I don't know what to make of the sore feet, but the tail is regenerated, having broken off and regrown quite some time ago. Will never look like the original. As for the toes, I'm more than willing to bet that some SOB having no business keeping anything cut them off to avoid scratches.

A Columbian tegu is NOT for the nvoice, especially one that was abused. I would definitely take him to the vet on account of the red feet., then take it from there. good luck.


----------



## RachaelE. (Mar 15, 2016)

Thanks. He definately needs someone who is better equipped to handle him. I recently bought a baby red teg, and he is socialized, healthy and amazing!


----------



## Walter1 (Mar 15, 2016)

Good call. Hope the right person is there somewhere for him.

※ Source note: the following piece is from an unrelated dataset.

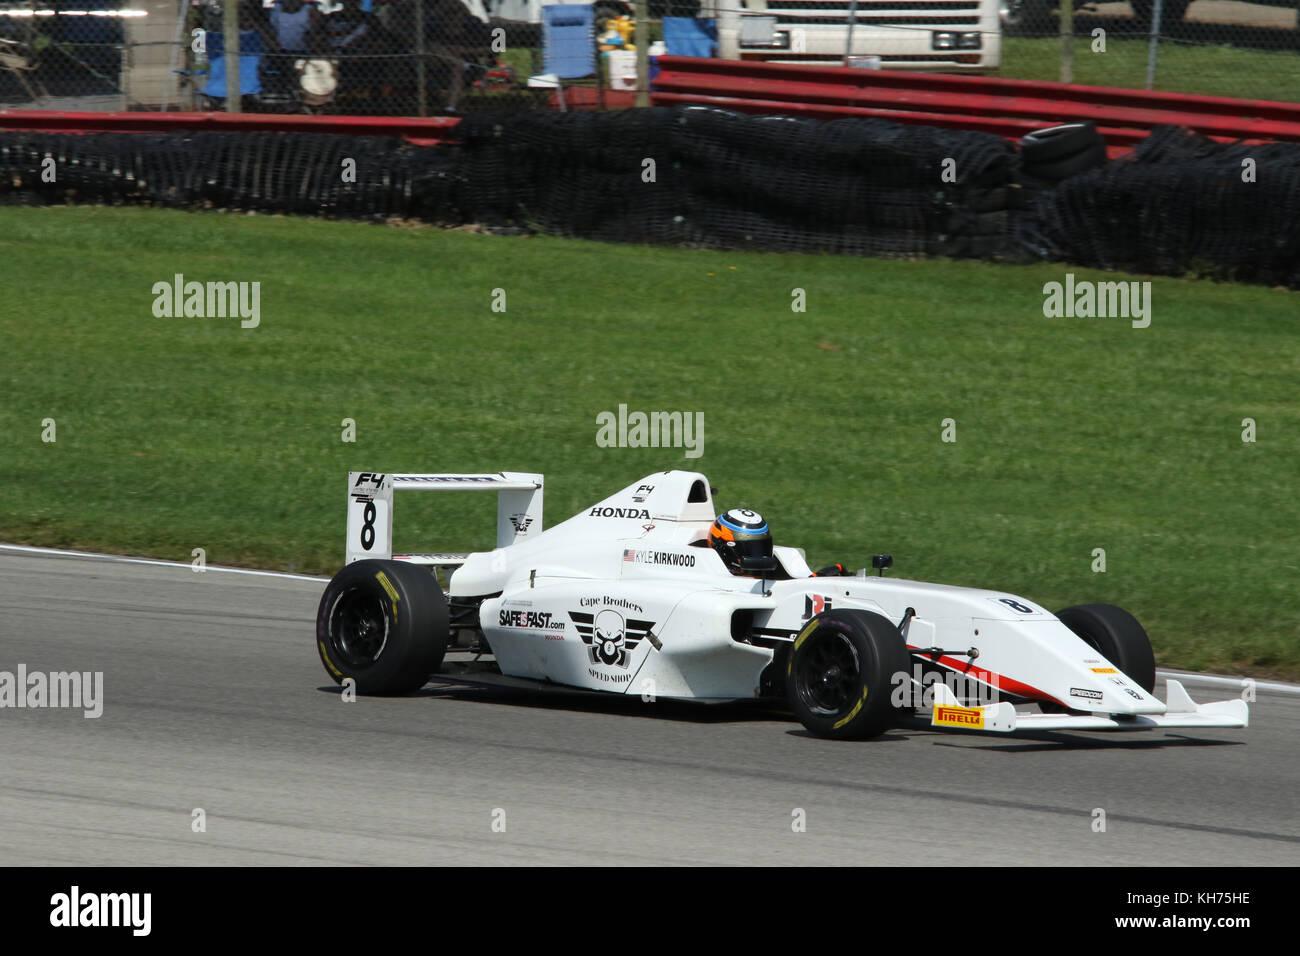 Kyle Kirkwood. Auto 8. Sponsor Kap Motorsport. Formel 4 Rennen. Mid-Ohio Sports Car Course. Lexington, Mansfield, Stockbild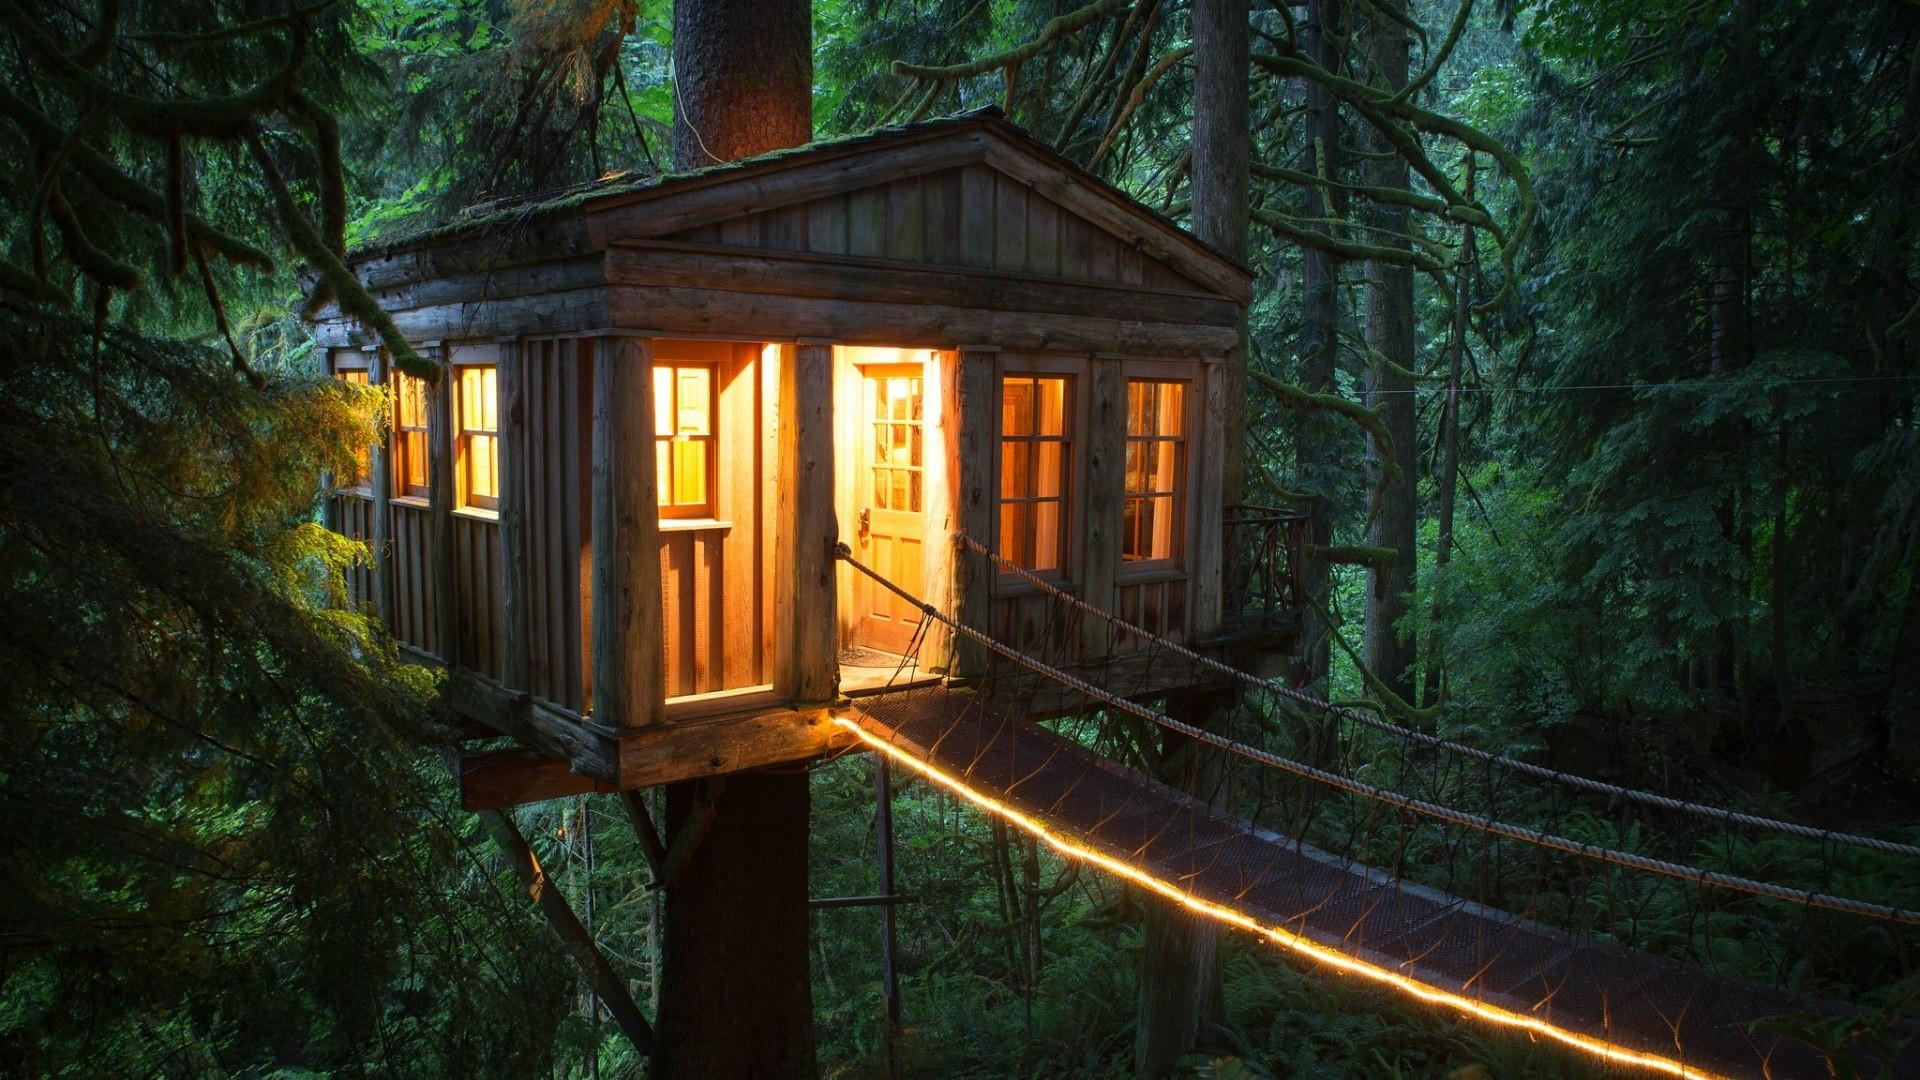 дом на окраине леса картинки для

Also, please post pic of the new red.


----------



## RachaelE. (Mar 15, 2016)

Here he is. Working on a name. Trying not to hold him 24/7 lol. Today i tried to feed fruit and ground turkey. He was not impressed. I got him at a reptile show. The guy i bought him from said he ate pinkies. We tried. But he wasnt interested. So far all he has eaten is egg whites.


----------



## beardeddragon111 (Mar 15, 2016)

he's cute. Can't tegus loose toes do to dry habitats? I didn't think many ppl actually cut their toes off.


----------



## Michael Graham (Mar 15, 2016)

I heard that as well. Be sure to mist daily so it stays humid inside the enclosure. I have two baby goldens and they never hiss or tail whip. Maybe he is acting up due to the rough conditions he was just rescued from. With a little time hopefully he'll calm down.


----------